In a mobile world, enterprise collaboration services can be a double-edged sword. In one instance, these tools...
can consolidate documents that would ordinarily clog email services and bandwidth. At the same time, however, enterprise collaboration services can embody various modes. Mobile phones, for example, can be used for voice communications and texting, while laptops are used for keyboard input and screen sharing.
In some modes, collaboration might happen only through the app, which allows for simultaneous voice and screen sharing. As enterprise collaboration services become more integrated, they'll also spawn more mobile traffic.
Most carriers, however, now allow Wi-Fi calling capabilities, and most apps can be set to communicate only over Wi-Fi. In those instances, the increase in data on the business mobile network will be minimal.
For organizations with pooled data plans with multiple mobile carriers, many calls within the same carrier network don't count against data-plan minutes. Enterprises should be careful with mobile plans that throttle bandwidth after reaching a certain data threshold. This may prevent enterprise collaboration services from working well or working entirely. However, this issue is easily solved by switching to Wi-Fi services, or moving collaboration to a laptop or computer.
For your Wi-Fi network to accommodate enterprise collaboration services and end-user devices, your bandwidth needs will most likely change.
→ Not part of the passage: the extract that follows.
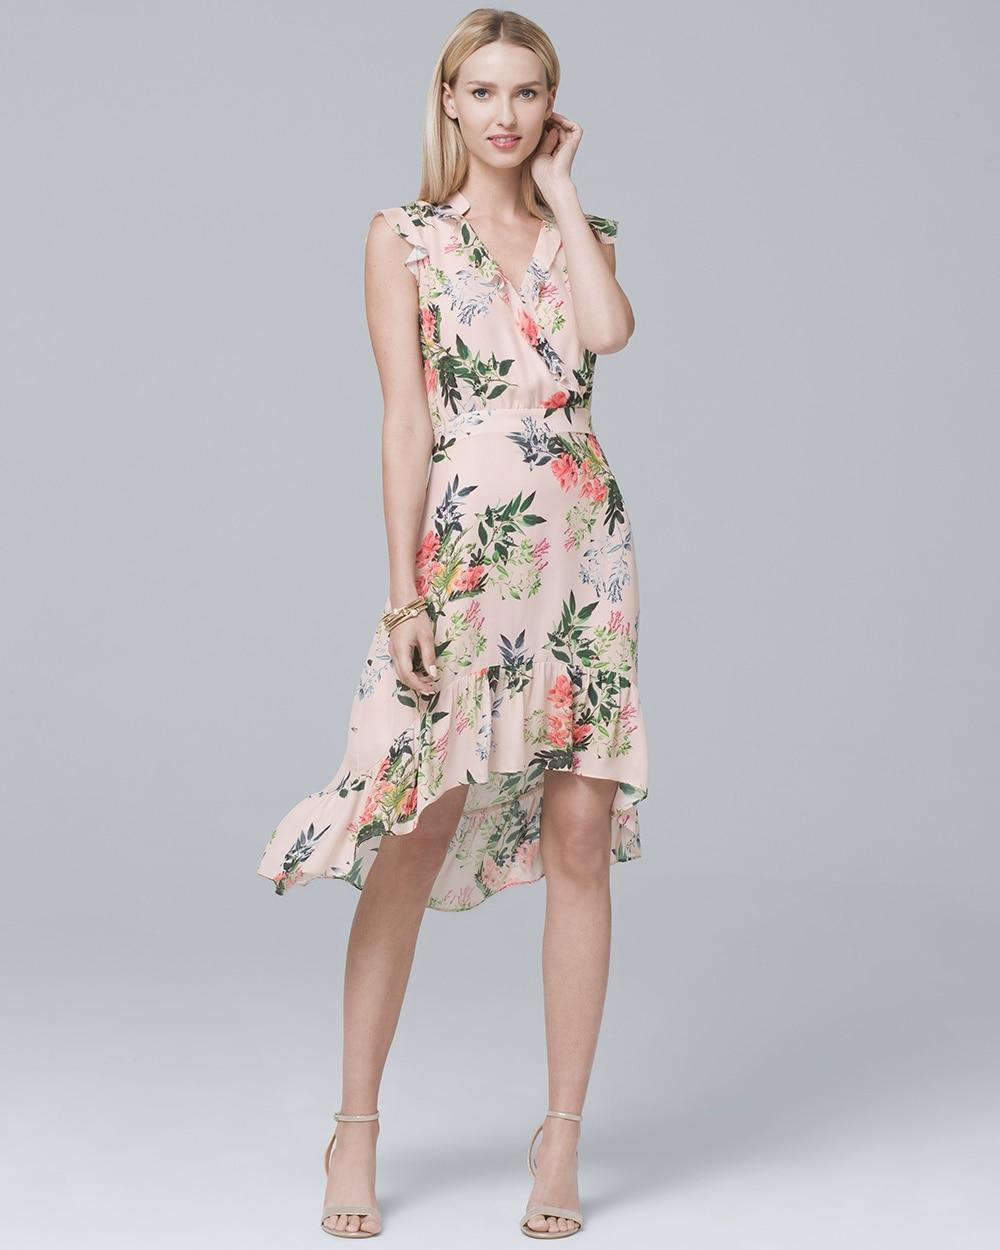 Silk Ruffle Trim Floral Dress White House Black Market

You may find the bandwidth previously allocated is simply not enough.
This issue can be solved by moving to higher-speed Wi-Fi and providing more antennas and channels to support increased collaboration. Remember, each antenna is connected to at least one switch port. Adding an extra antenna can be like doubling the lanes of traffic, if the signals don't interrupt each other. Signal interruptions can be solved by watching channels and making sure their placement will be beneficial to the environment.